Quando se associa a intensidade do infiltrado inflamatório com as células
epiteliais imunomarcadas para EGFR em CRs e CDs, pode-se perceber que, para os
dois tipos de cistos, não foram observadas diferenças estatísticas significativas.
Portanto, a inflamação parece não influenciar na imunomarcação do EGFR nas
células epiteliais dessas lesões. Este resultado está em concordância com o estudo
de Gonçalves et al. (2012), porém, discorda dos resultados apresentados no estudo
de Li et al. (1993). Gonçalves et al. (2012) analisaram, em CRs, a imunoexpressão
do EGFR, bem como a sua associação com a intensidade do infiltrado inflamatório.
Foi observado que a reação inflamatória não influenciou a expressão do EGFR no
revestimento epitelial, corroborando, portanto, os resultados do presente estudo,
apesar de utilizarem forma de análise do infiltrado inflamatório diferente.
O estudo de Li et al. (1993) mostrou que o revestimento epitelial de
ceratocistos odontogênicos (atualmente denominados de tumor odontogênico
ceratocístico) e de CDs expressavam níveis mais elevados de imunomarcação do
EGFR do que o revestimento de CRs, como relatado anteriormente.

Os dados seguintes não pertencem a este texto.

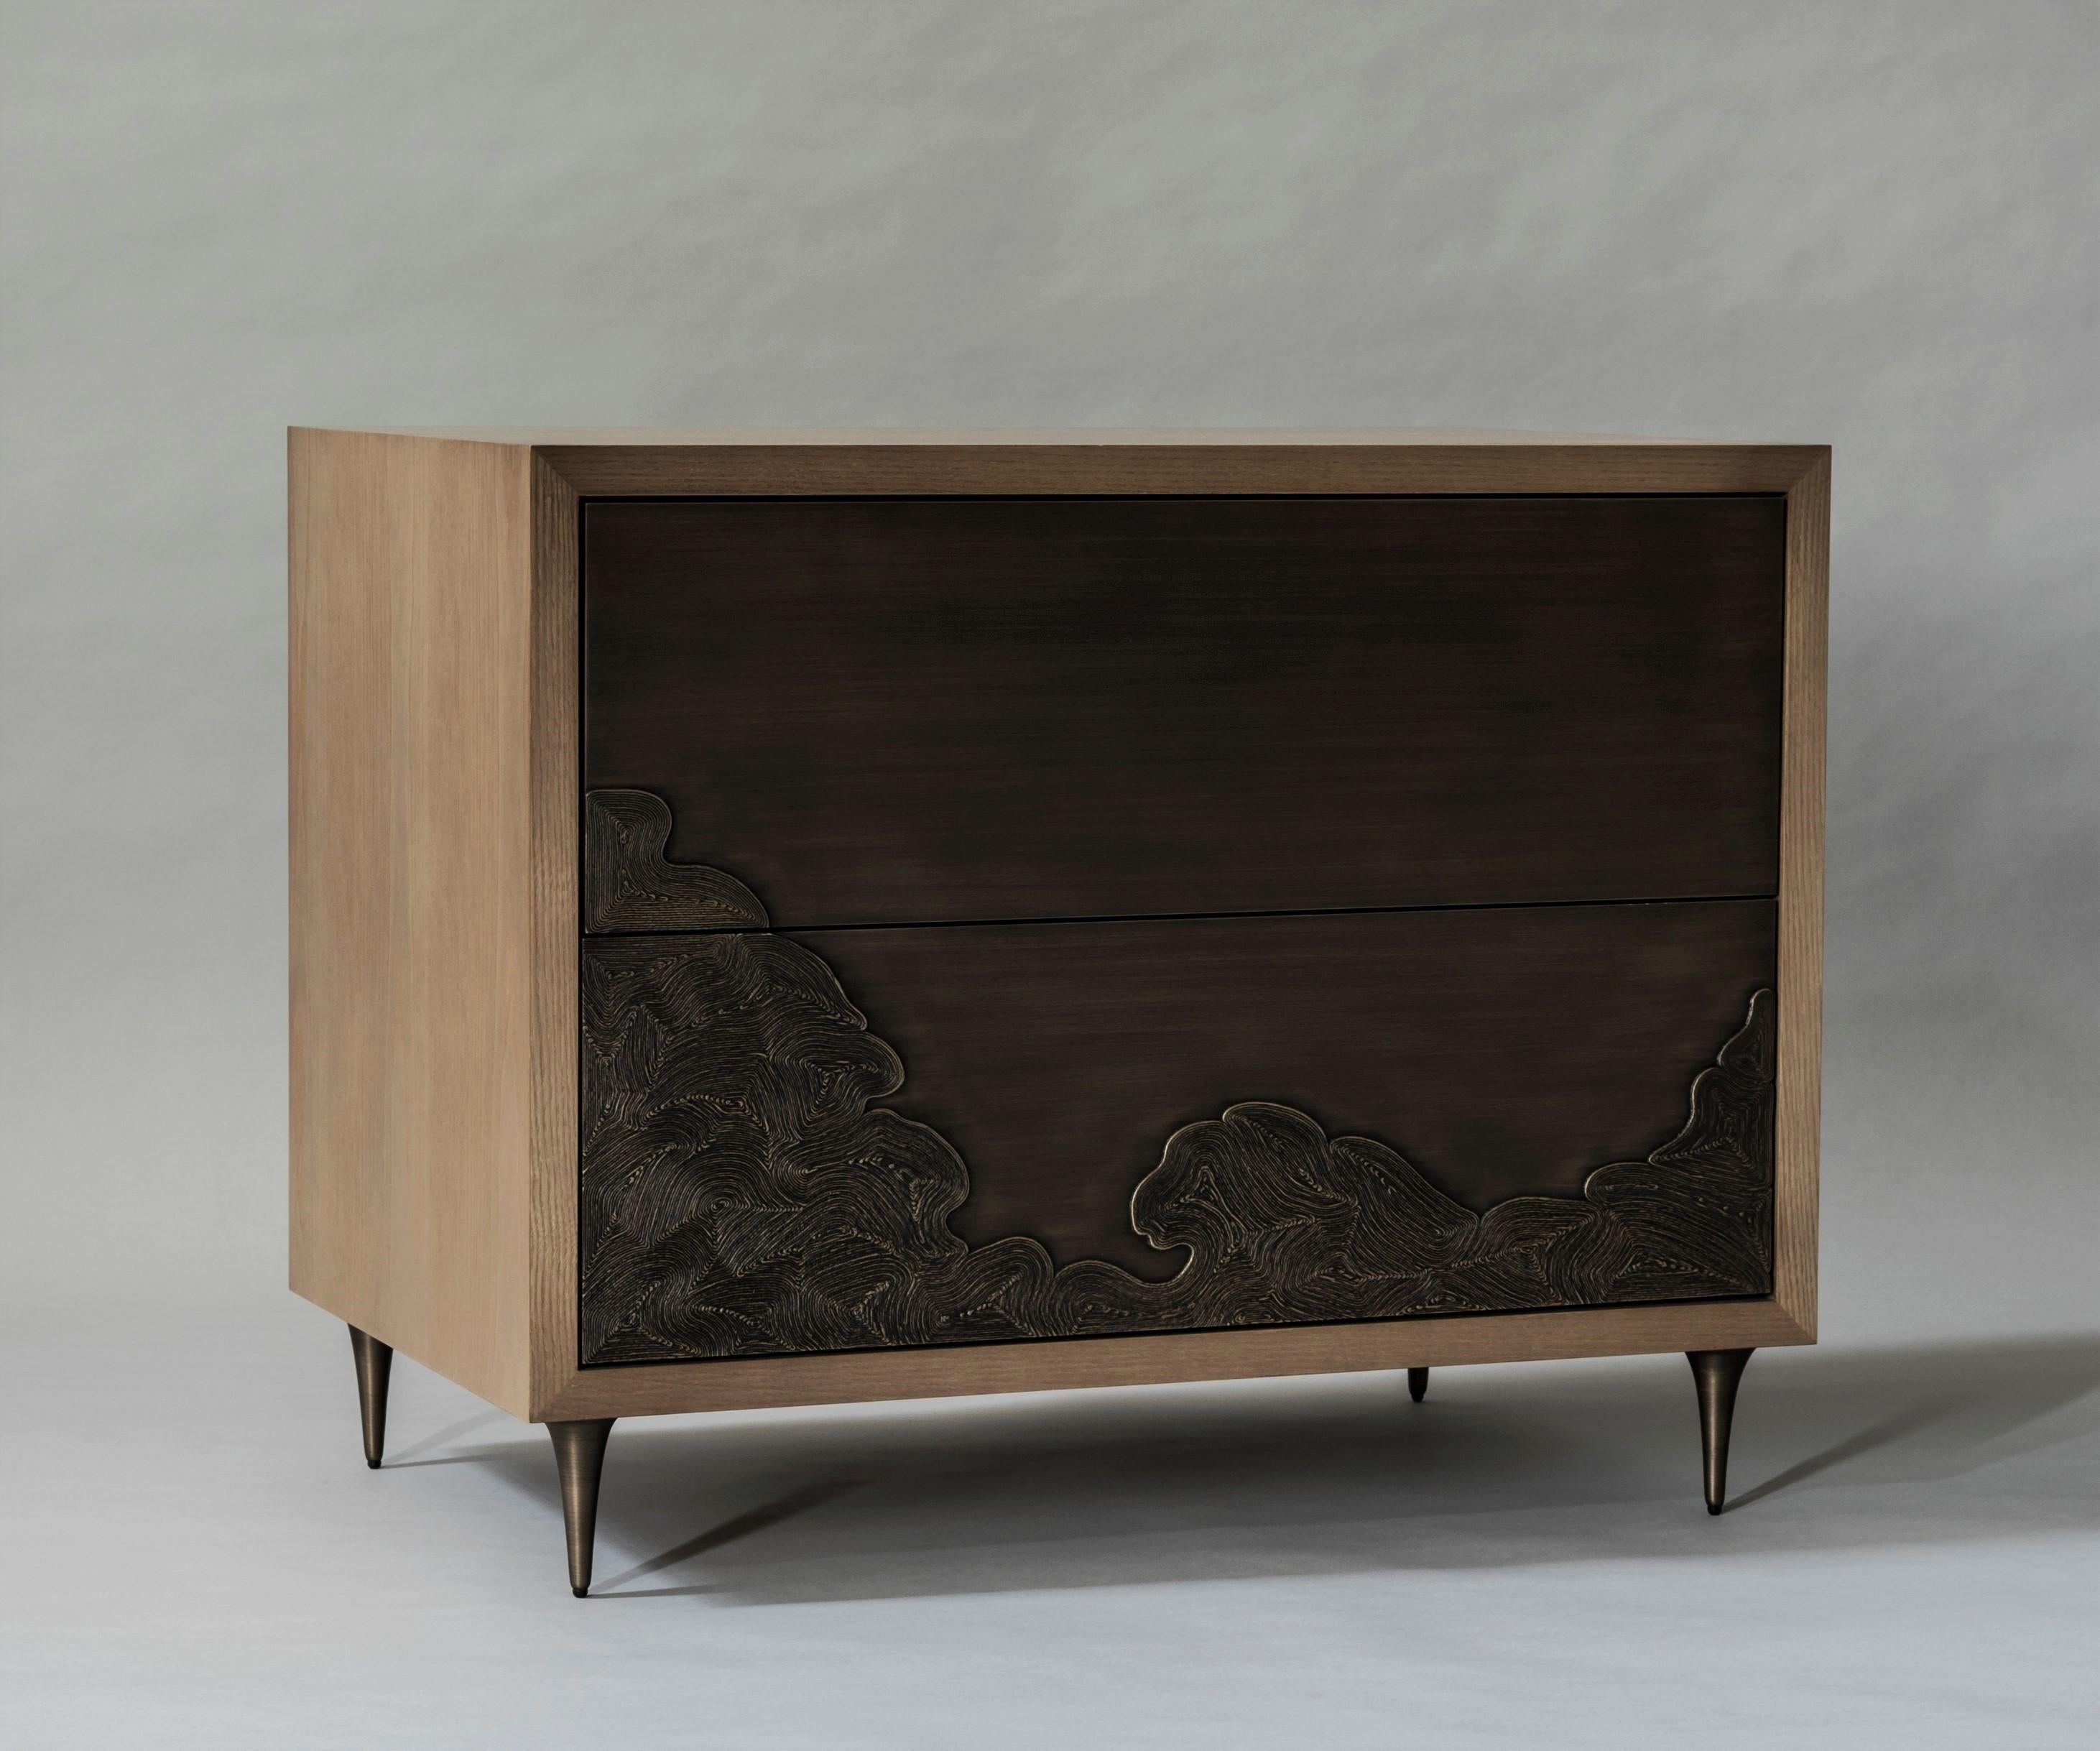 Named after the Japanese word for wave, the Nami Collection showcases bronzework in the form of swelling surf. The bedside table’s richly textured, push-to-open drawer fronts were cast using coiled thread - a nod to the ancient Dhokra creations of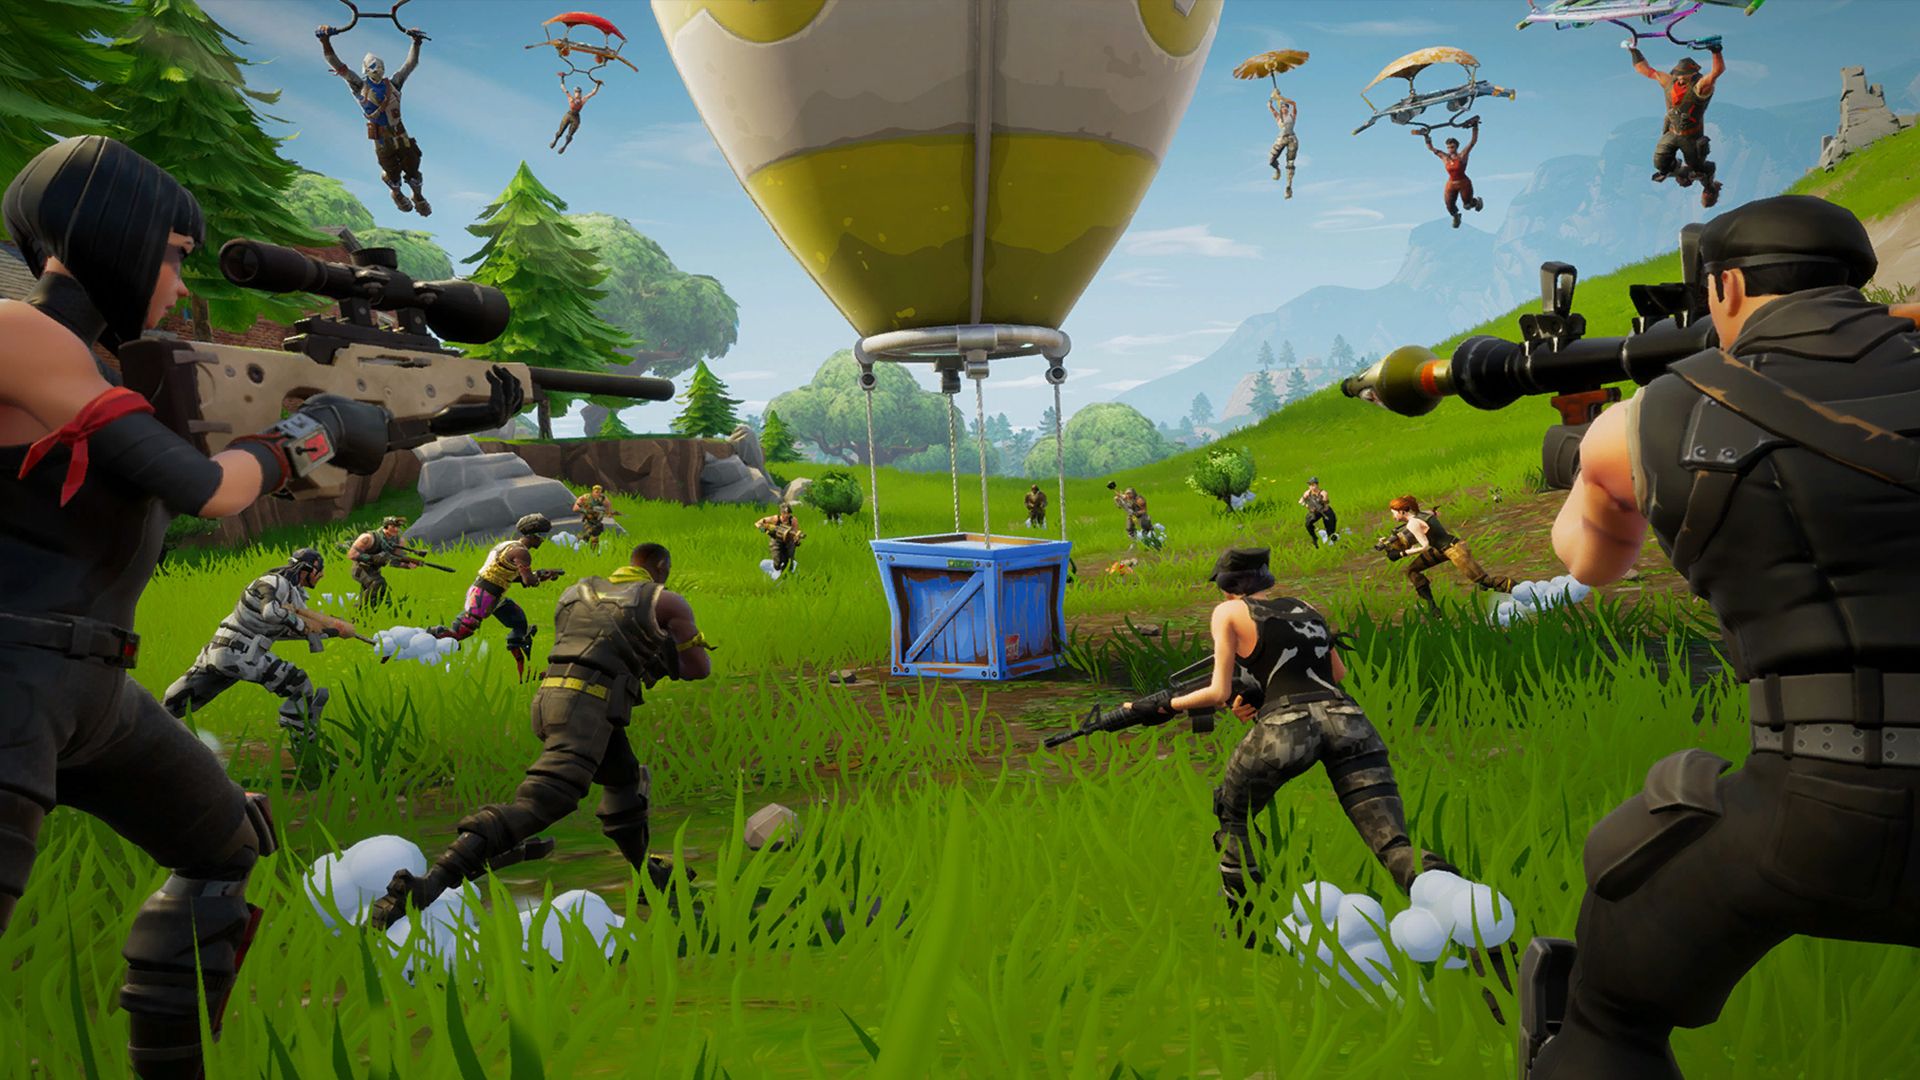 Fortnite Reports Record-Breaking Numbers Despite Launch of Apex Legends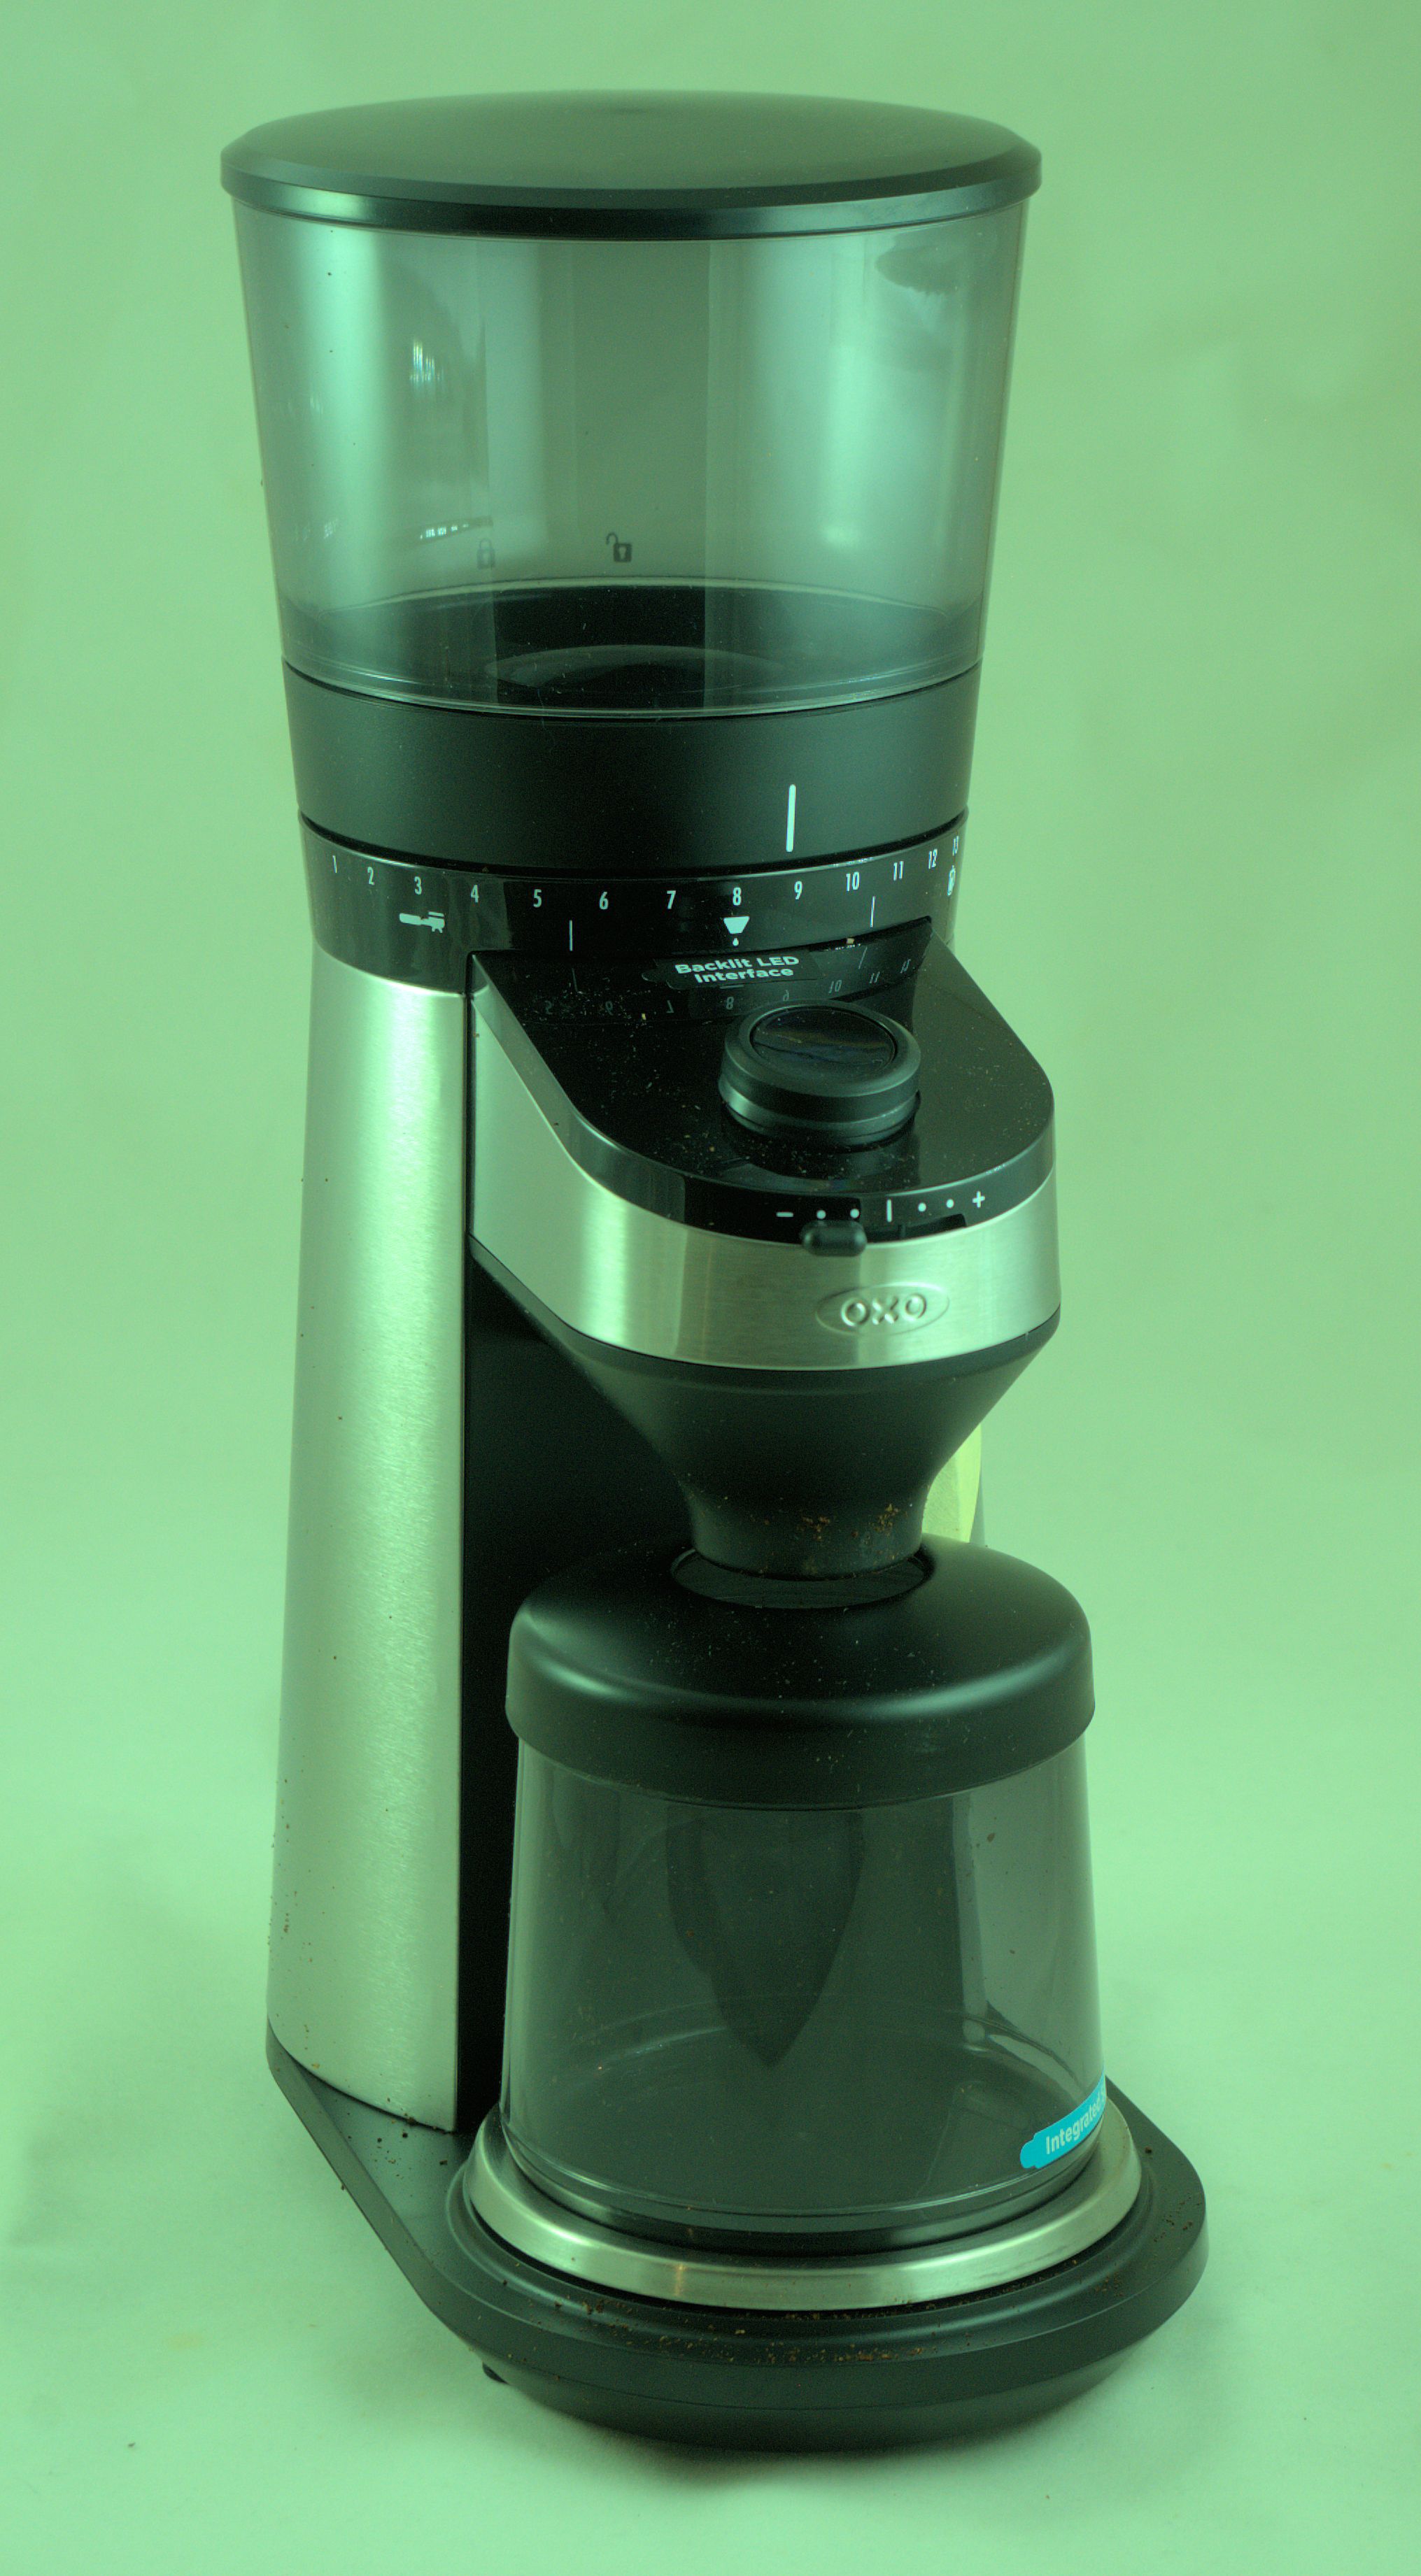 OXO Conical Burr Coffee Grinder with Integrated Scale

A menor
intensidade de coloração do EGFR em CRs coincidia com a presença de alterações
degenerativas no interior do epitélio associadas com infiltrado de células
inflamatórias no local. Foi sugerido que níveis de expressão do EGFR parecem estar
relacionados com a presença de inflamação no interior do tecido conjuntivo
adjacente (inversamente relacionada) em vez da proliferação de células epiteliais.
A imunolocalização do EGFR parece ser importante por determinar a
velocidade da resposta celular proliferativa a estímulos (OLIVEIRA et al., 2011;
GONÇALVES et al. 2012). No estudo de Baumgart et al. (2007), os autores
observaram que expressões citoplasmáticas e associadas (membranares e
84
citoplasmáticas) foram observadas na mucosa oral normal, principalmente nas
camadas proliferativas (basal e suprabasal). As células que apresentam coloração
citoplasmática apenas ou coloração combinada (membranar e citoplasmática), em
que todos ou alguns dos receptores tenham sido interiorizados, mostram uma
resposta mais lenta, do tipo fisiológica.
Nos casos em que o EGFR é restrito à membrana celular, a resposta, na
presença de um ligante, é mais rápida. Caso contrário, se estiver internalizado no
citoplasma, a resposta proliferativa decorrente de estimulação é mais lenta.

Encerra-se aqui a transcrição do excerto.